JUAN BALTAZAR, Warden, Denver Contract Detention Facility, Aurora, Colorado, in his
official capacity,
ROBERT HAGAN, Director of the Denver Field Office for U.S. Immigration and
Customs Enforcement, in his official capacity;
KRISTI NOEM, Secretary of the U.S. Department of Homeland Security, in her official
capacity;
TODD LYONS, Acting Director of U.S. Immigration and Customs Enforcement, in his
official capacity;
PAMELA BONDI, Attorney General of the United States, in her official capacity;
EXECUTIVE OFFICE FOR IMMIGRATION REVIEW;
SIRCE OWEN, Acting Director for Executive Office of Immigration Review, in her official
capacity;
U.S. DEPARTMENT OF HOMELAND SECURITY;
AURORA IMMIGRATION COURT; and,
U.S. IMMIGRATION AND CUSTOMS ENFORCEMENT,
Respondents-Defendants.
ORDER
Pending before the Court is Respondents-Defendants’ (“Defendants”) Motion to
Stay the Answer Deadline or, in the Alternative, to Require Full Briefing on the Motion to
Dismiss (“Motion to Stay”). ECF No. 94. Petitioners-Plaintiffs (“Plaintiffs”) filed a
Response. ECF No. 95. For the reasons stated, the Motion is granted in part and denied
in part.
I. BACKGROUND
In July 2025, the government adopted an interpretation of the Immigration and
Nationality Act (“INA”) to require detention for noncitizens found within the interior part of
the United States who did not have a pending order of removal. The government
maintains that these noncitizens are detained under 8 U.S.C. § 1225 (b)(2)(A), which
requires mandatory detention during the pendency of a noncitizen’s immigration removal
proceedings. This application to such noncitizens represents a significant departure from
long-standing policy. Previously, such noncitizens were detained under 8 U.S.C.

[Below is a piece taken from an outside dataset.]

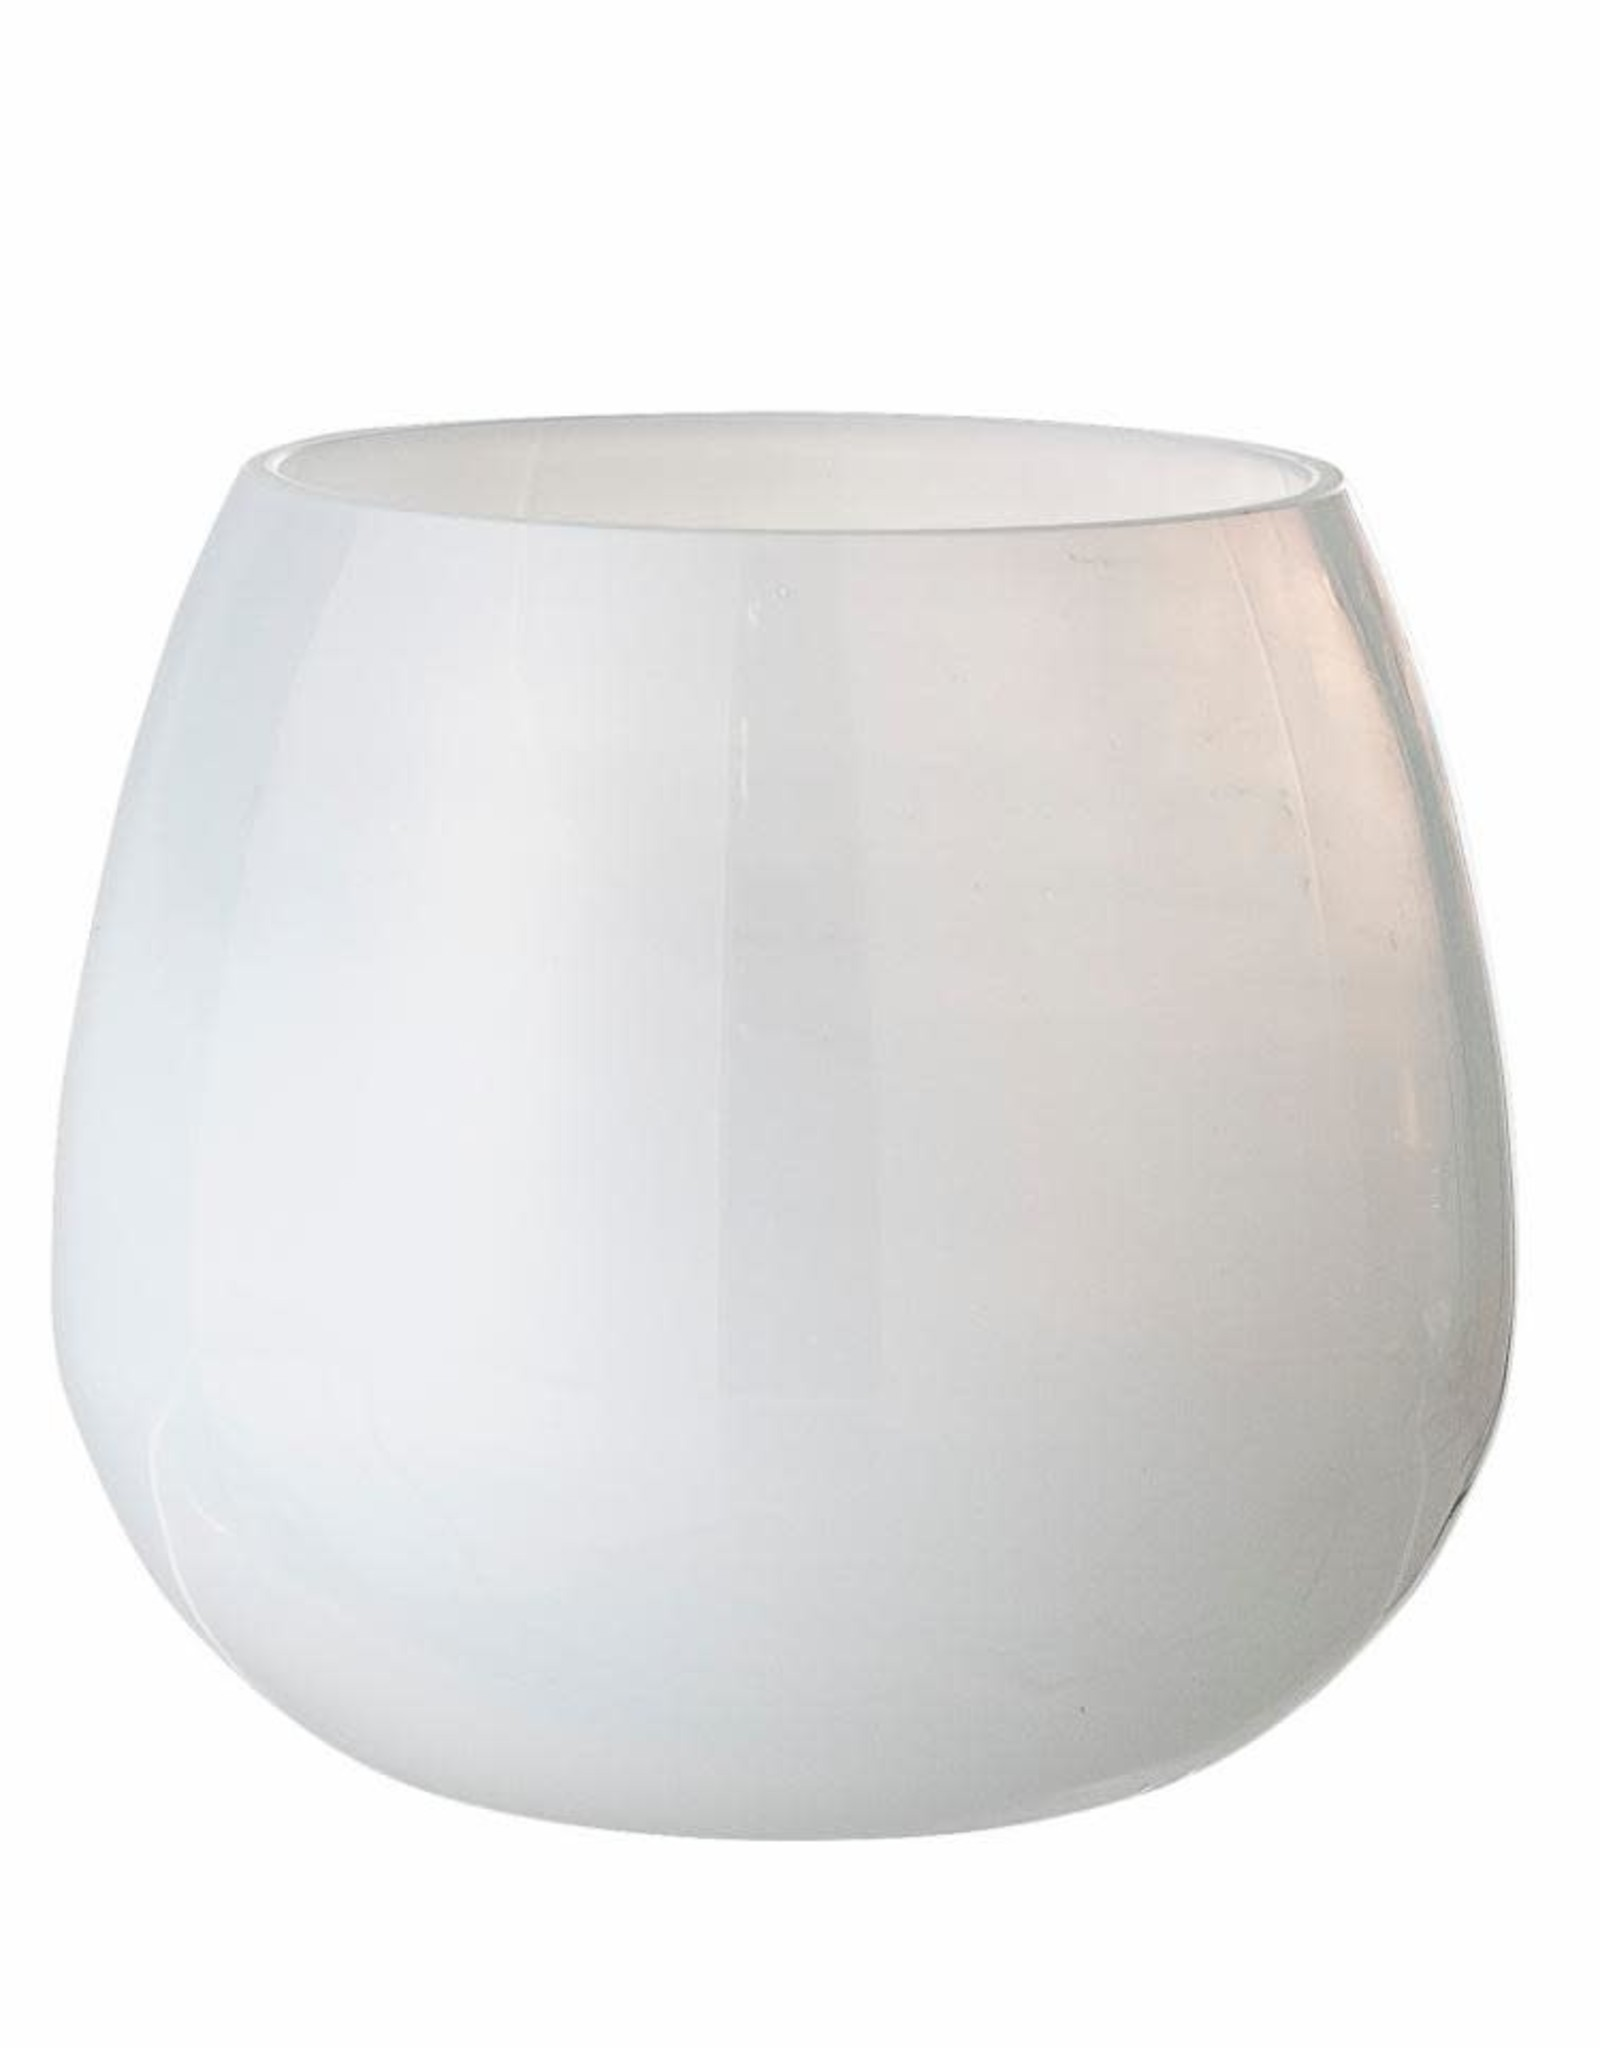 Bloomingville Bloomingville - Karna Votive , White, Recleyd glass
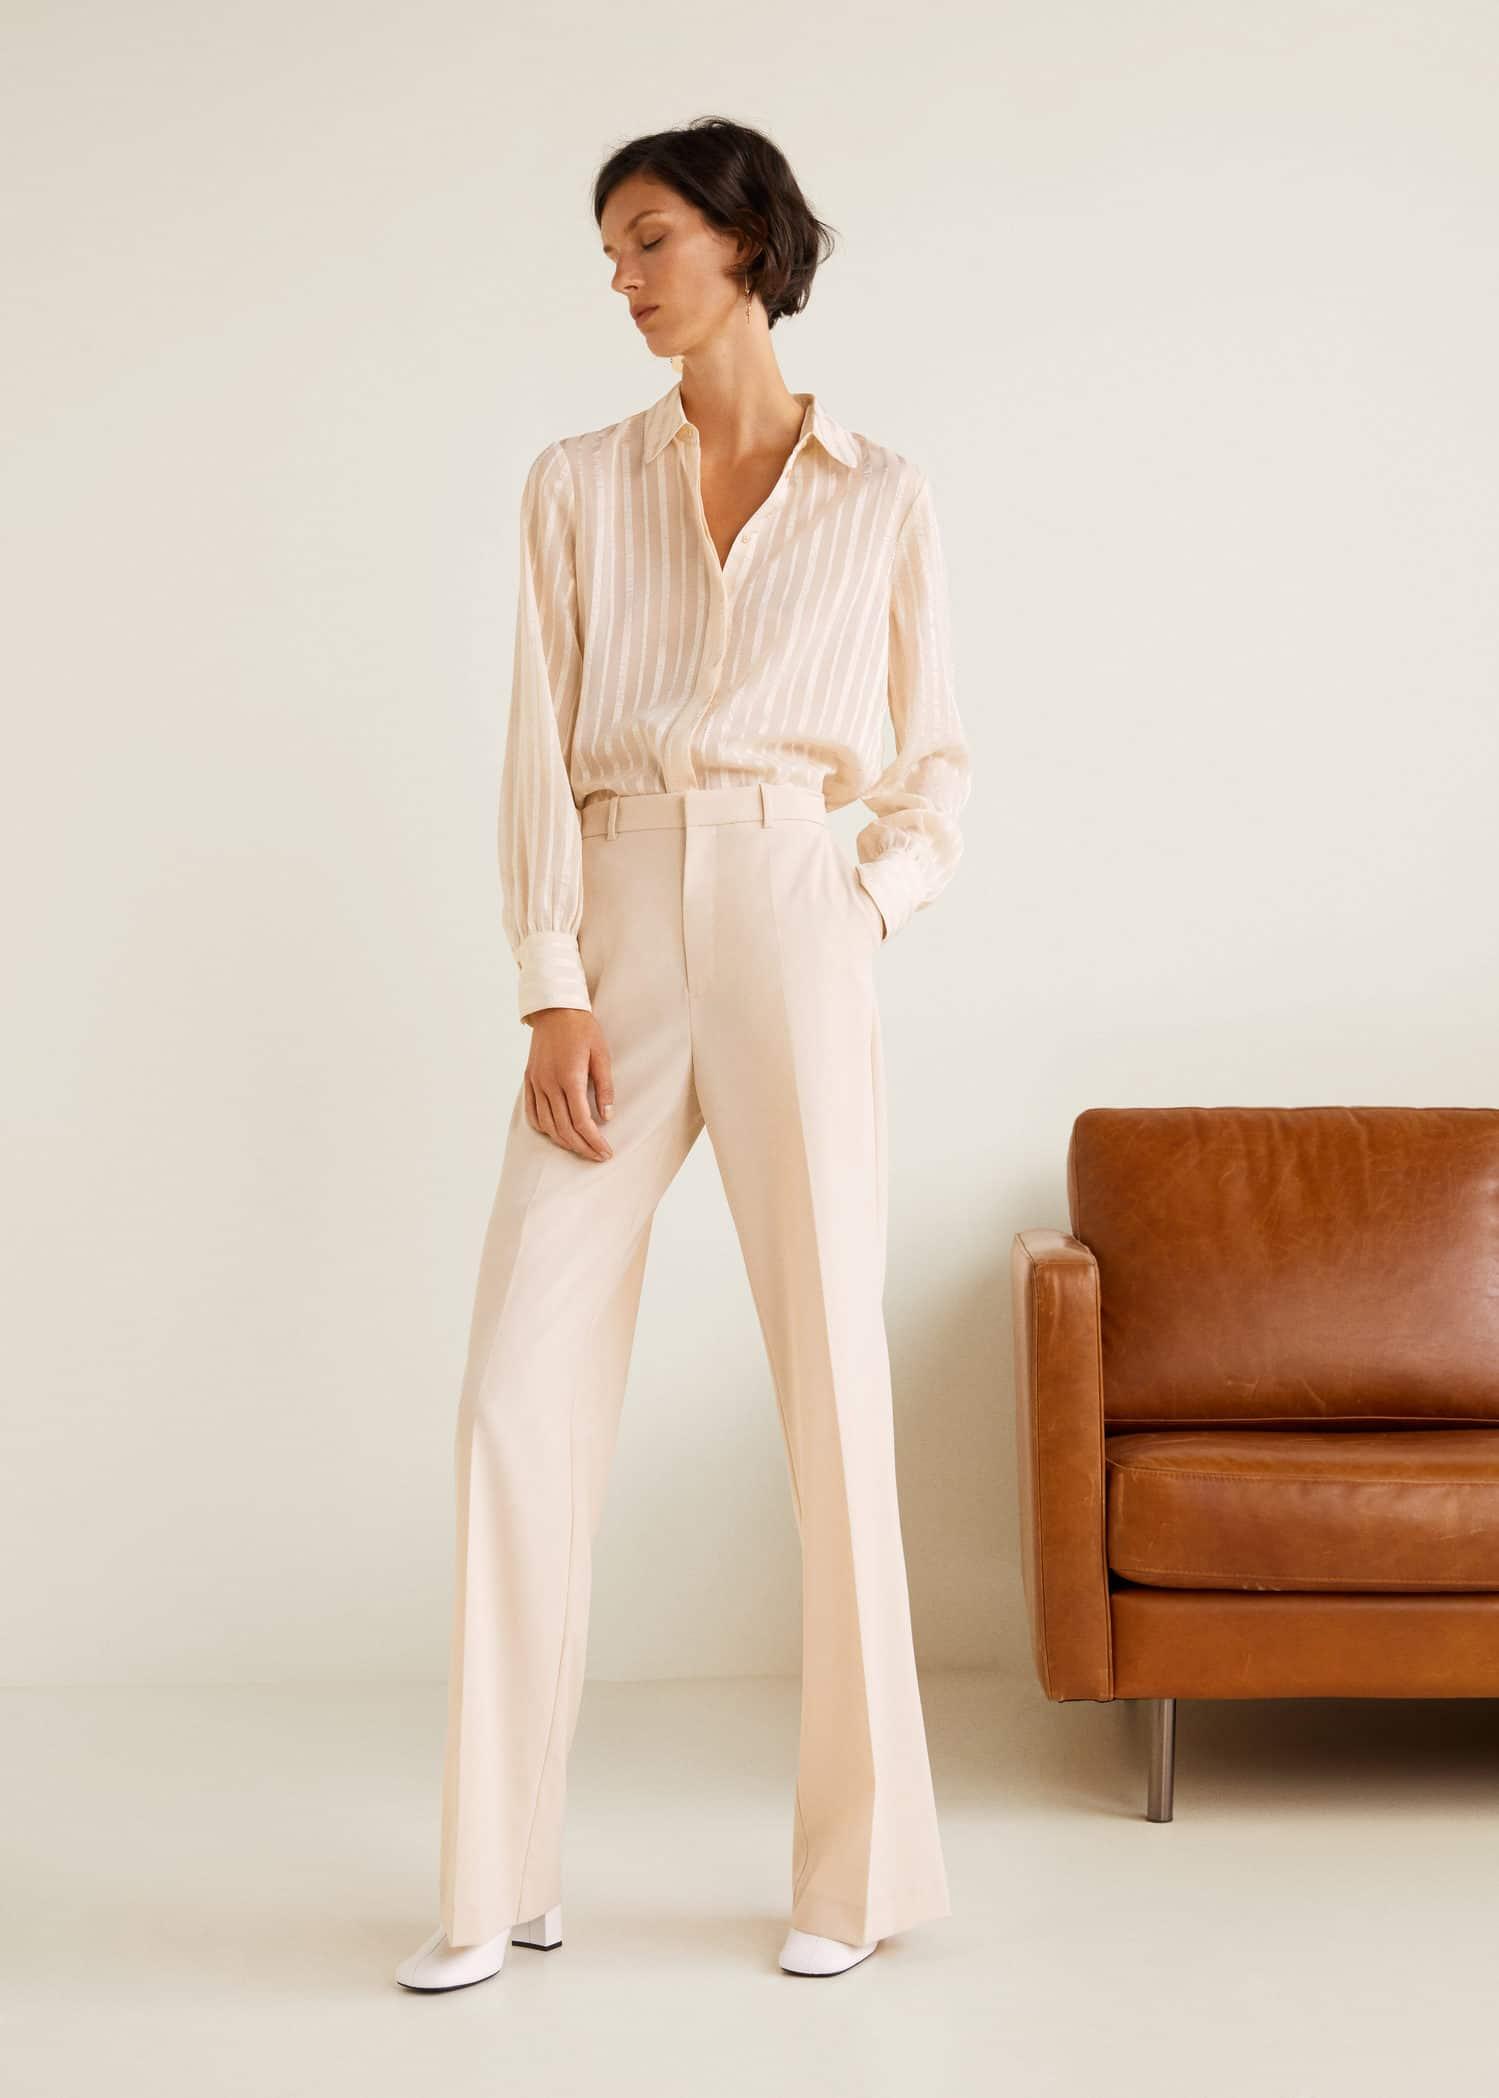 Palazzo France Pantalon Femme Taille Haute Mango ZvFqdUwB 9b9fd7eeab0b

§1226 (a), which entitled them to a bond hearing and, if certain criteria were met, release
on bond. As a result of this change, many noncitizens have been detained without a bond
hearing and have sought relief in the federal district courts. It is no longer breaking news
that the federal courts have been flooded by these cases. Most courts that have
addressed this issue have found that the Department of Homeland Security’s (“DHS”)
interpretation of the INA is constitutionally flawed. Agreeing with the judges in hundreds
of other cases, this Court granted a temporary restraining order requiring Defendants to
release Mr. Gutierrez until he received a bond hearing. ECF No. 33.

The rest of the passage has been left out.